● Task description
Return the lines of the material below exactly, beginning with the line that has "#milchmanrealestate #lizamilchman" in it and finishing with the line that has "High Gloss White" in it. Leave all pictures aside.
START Source records
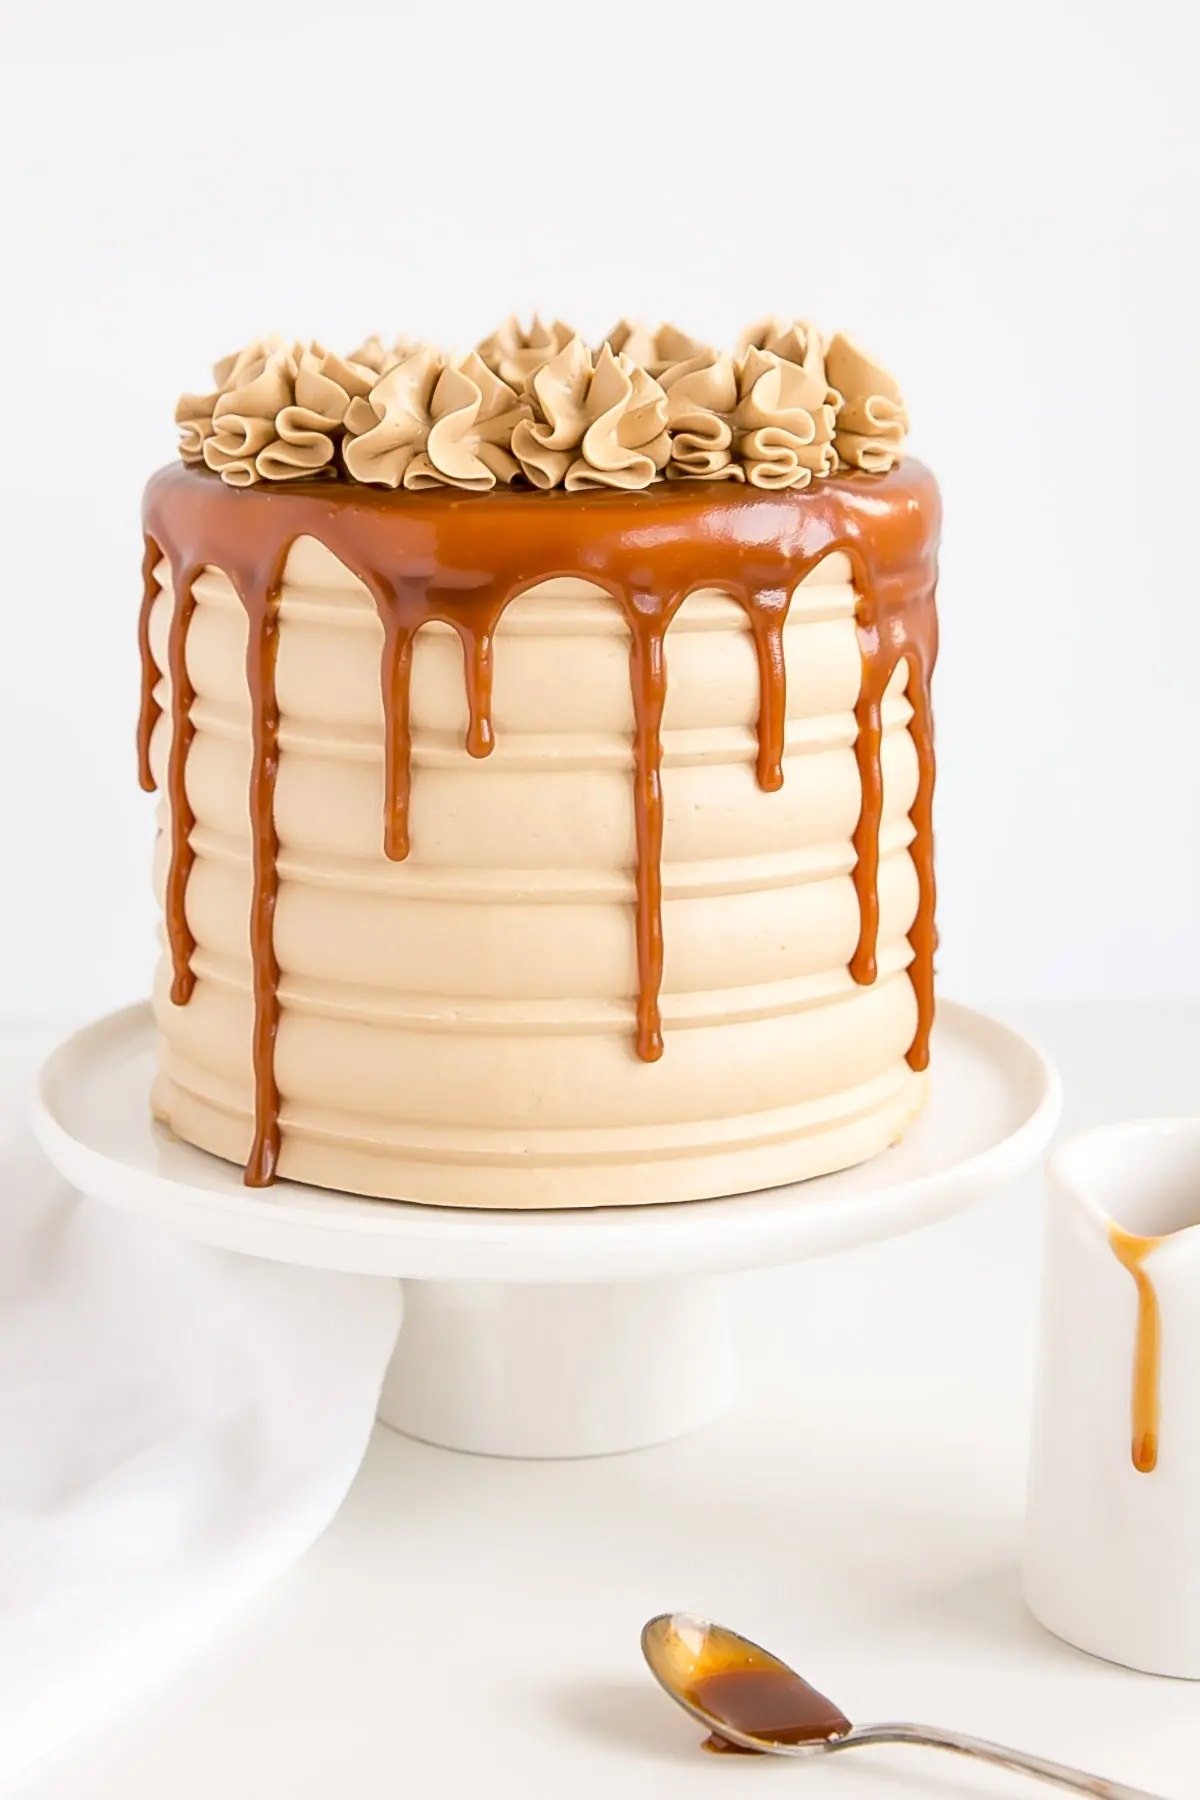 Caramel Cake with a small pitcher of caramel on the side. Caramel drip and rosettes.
END Source records
START Source records
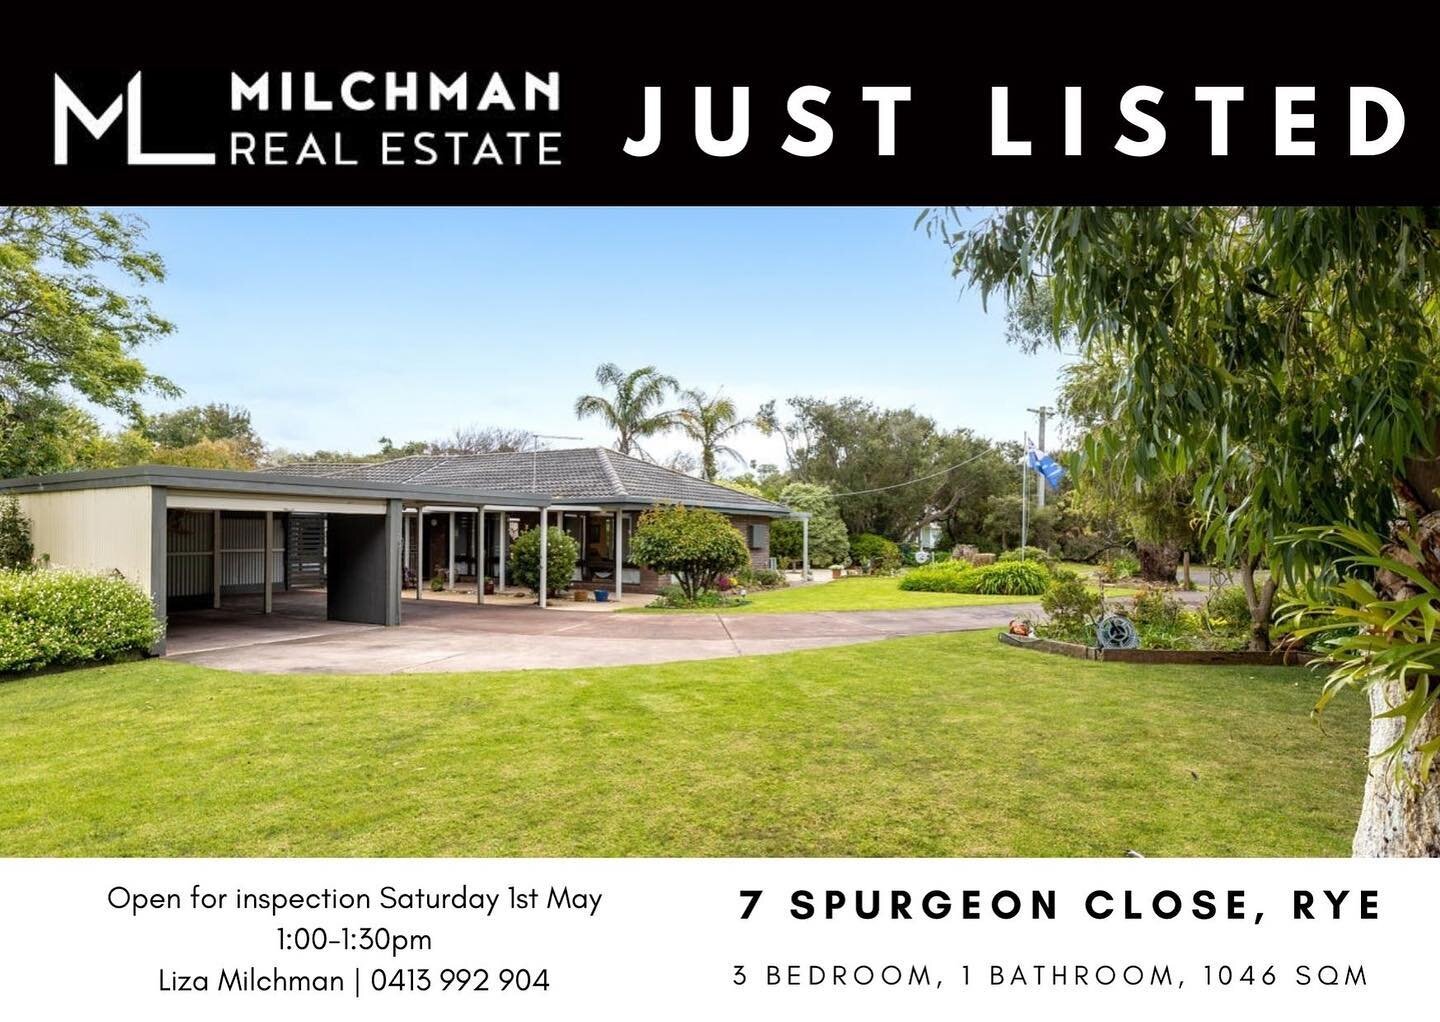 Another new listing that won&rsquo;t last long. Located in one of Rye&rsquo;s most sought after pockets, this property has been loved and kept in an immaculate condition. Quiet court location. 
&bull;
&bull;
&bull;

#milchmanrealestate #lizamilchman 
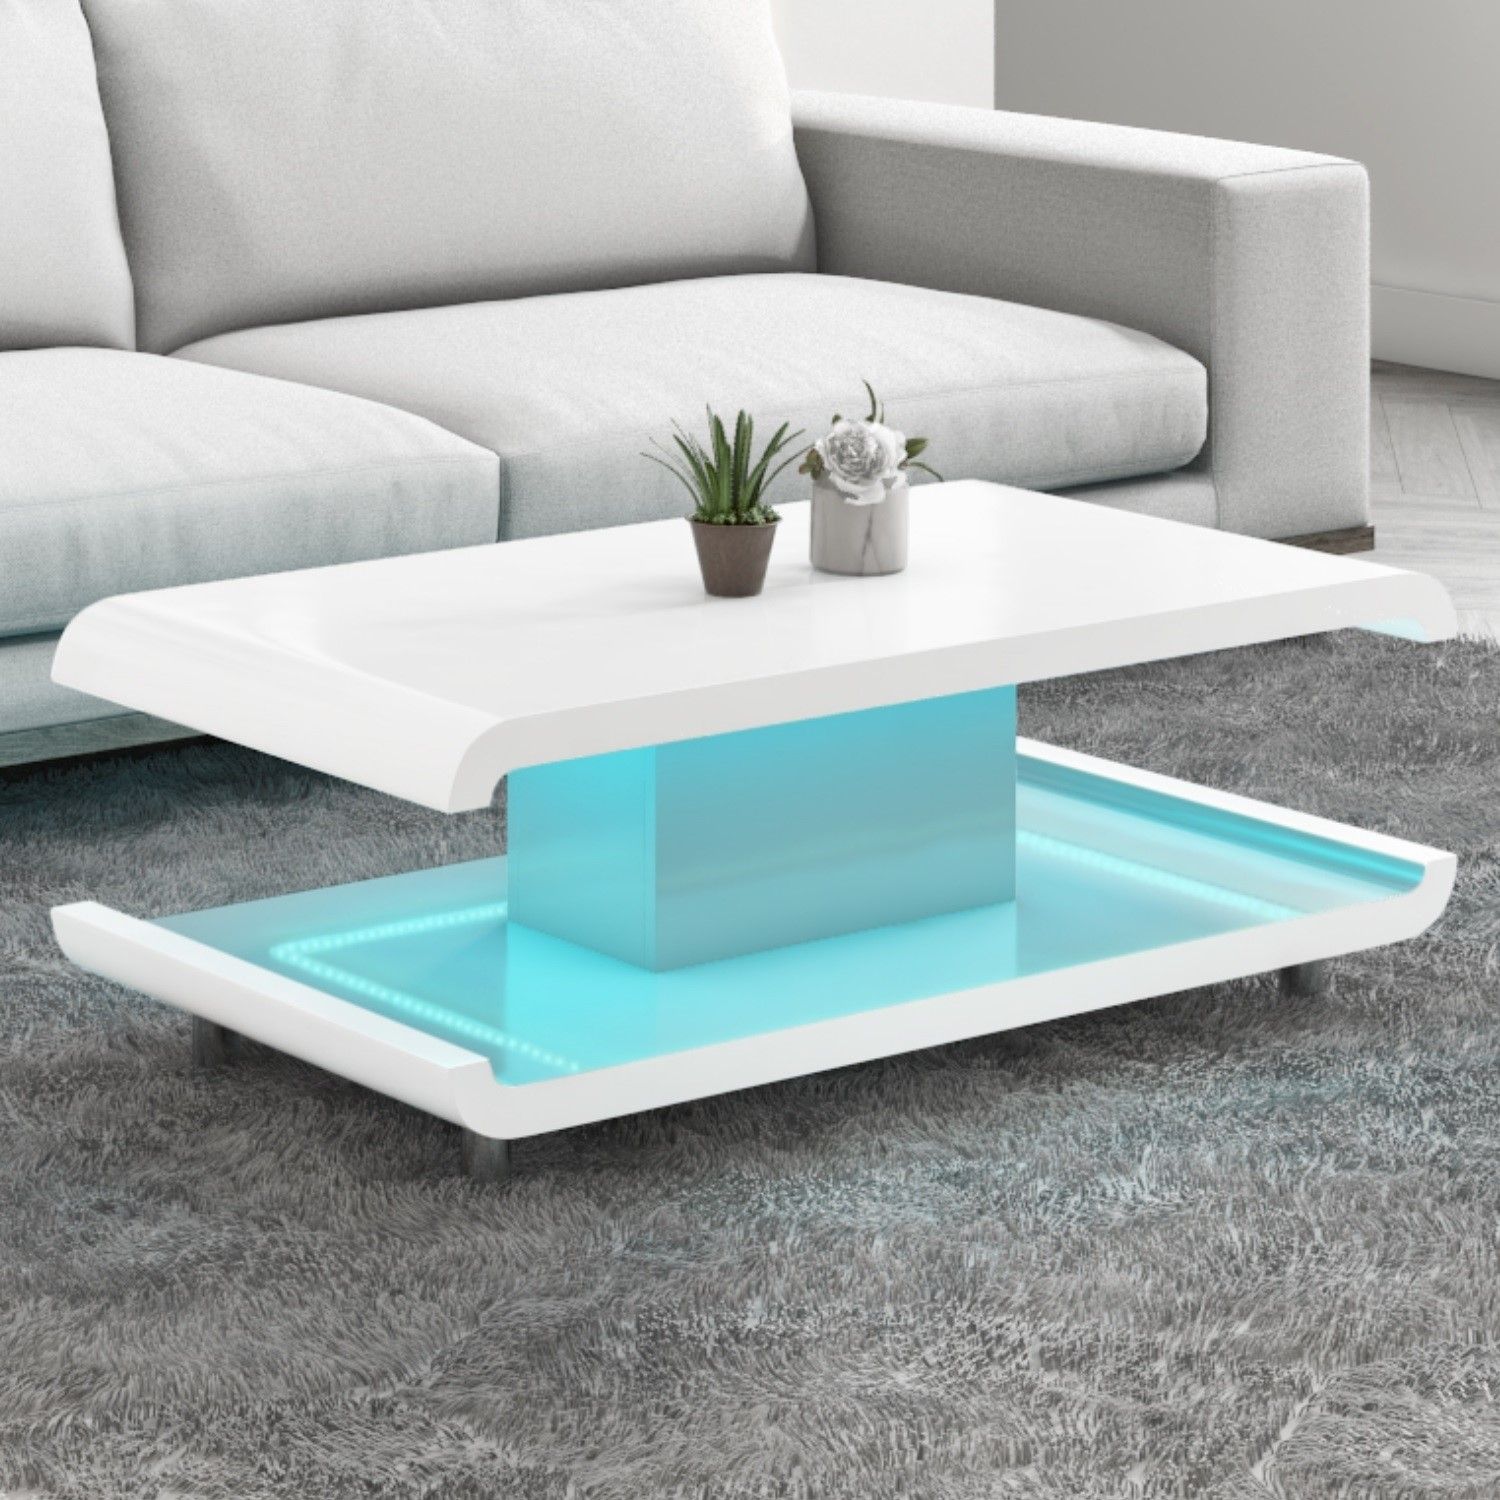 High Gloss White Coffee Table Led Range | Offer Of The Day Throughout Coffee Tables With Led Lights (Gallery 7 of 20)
END Source records
● Solution for this task
#milchmanrealestate #lizamilchman 
 High Gloss White Coffee Table Led Range | Offer Of The Day Throughout Coffee Tables With Led Lights (Gallery 7 of 20)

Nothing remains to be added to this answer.